True, and I didn't want to suggest otherwise. Mine was just a glib way of saying I think it's often clearer, or more "natural", without it, especially if the word or expression quoted is longish. Thus:

"Dead"? What do you mean (by) "dead"? He's resting!

But:

What do you mean "there's no point going to the party if Dan's not going to be there"? There'll be plenty of other interesting people to talk to. [where the inclusion of "by" may appear to be intolerably otiose] 

But I'll happily admit I may be on a slightly sticky wicket here.

EDIT: Miri: not really, he's not referring explicitly to the sound, although that is a factor, and I must say I do like your "(ma) come parli?". I had thought of this line as illustrating well the use of "come sarebbe a dire", but as it happens it also illustrates very well "come parli?".


----------



## You little ripper!

GavinW said:


> True, and I didn't want to suggest otherwise. Mine was just a glib way of saying I think it's often clearer, or more "natural", without it, especially if the word or expression quoted is longish. Thus:
> 
> "Dead"? What do you mean (by) "dead"? He's resting!
> 
> But:
> 
> What do you mean "there's no point going to the party if Dan's not going to be there"? There'll be plenty of other interesting people to talk to. [where the inclusion of "by" may appear to be intolerably otiose]
> 
> But I'll happily admit I may be on a slightly sticky wicket here.


I agree that the context determines what sounds best, but in most cases I don't think it really matters.

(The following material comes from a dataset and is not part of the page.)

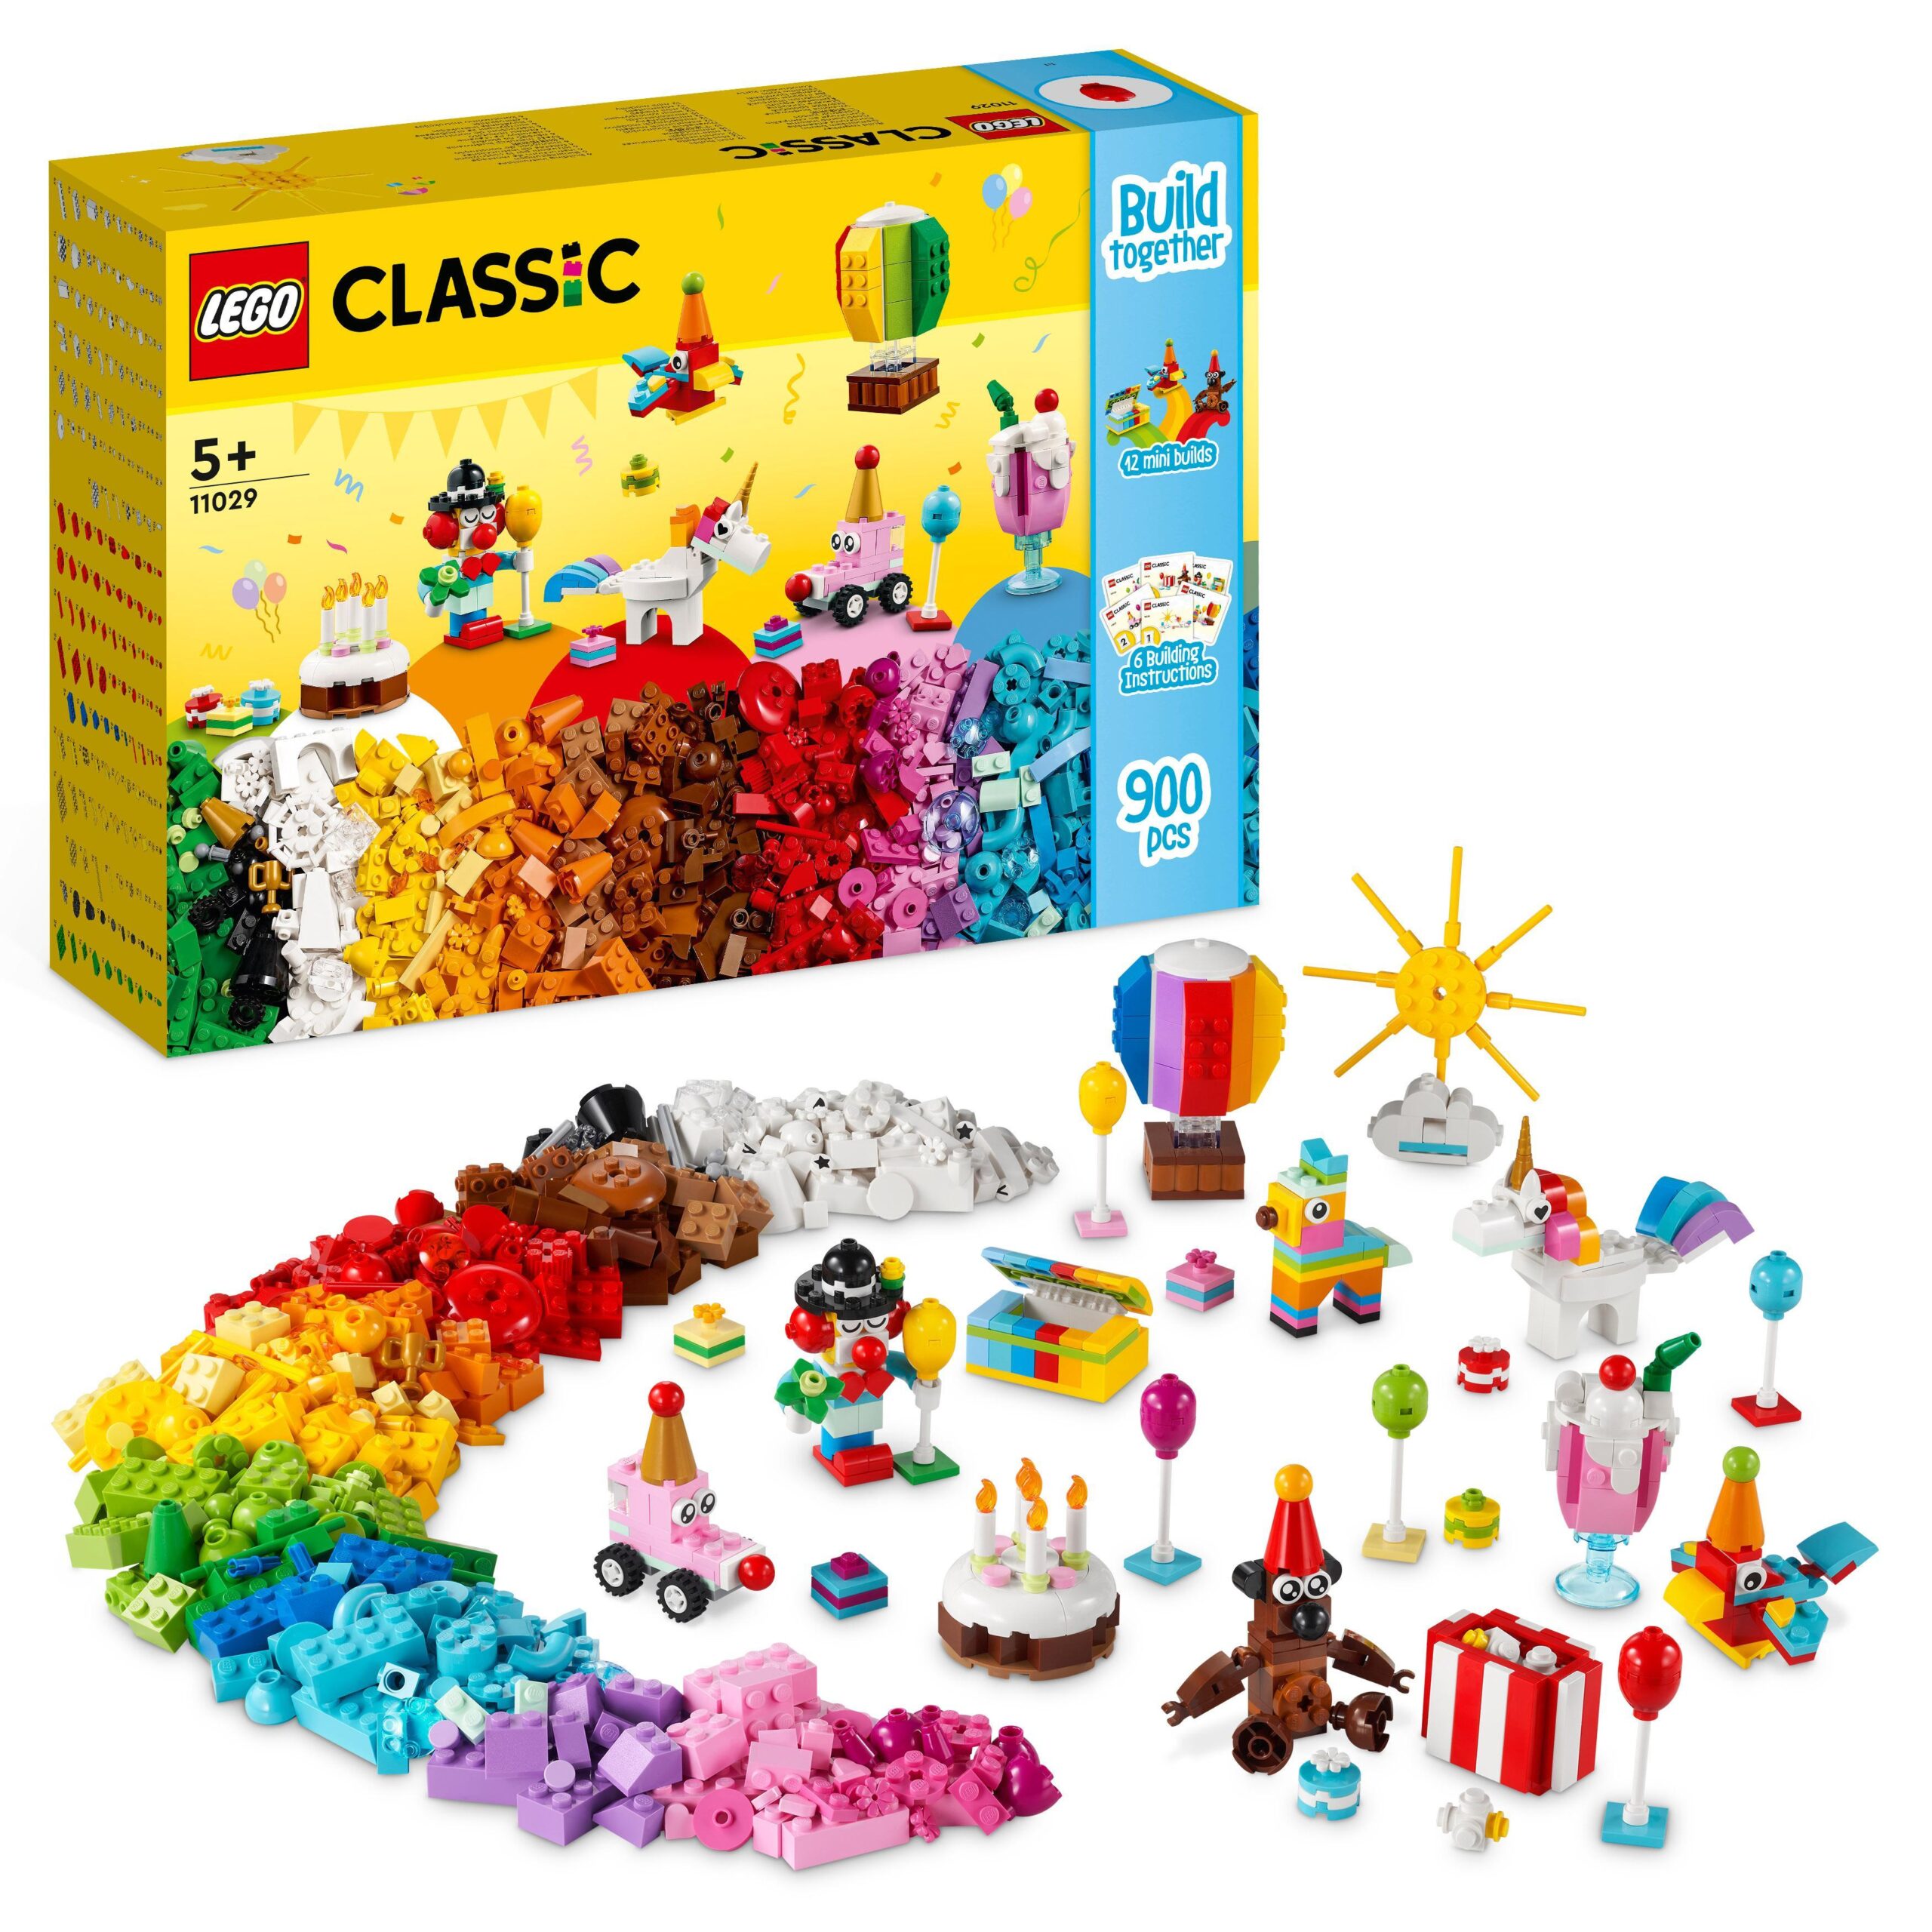 Lego classic 11029 party box creativa, giochi per bambini 5+ da condividere in famiglia con 12 mini-costruzioni in mattoncini - LEGO CLASSIC

Having said that, I wouldn't use the 'by' in either of your examples (when someone is presumed dead you don't want to waste any time using a word that's unnecessary).


----------



## pericolosi

> Aggiungeva qualche notizia pratica, *come sarebbe*: "Cinquemila cavalieri, tremilacinquecento fanti, ..."



Can this be translated like this:
He added some practical notes, such as: "Fivethousand knights, ..."

Any alternatives?


----------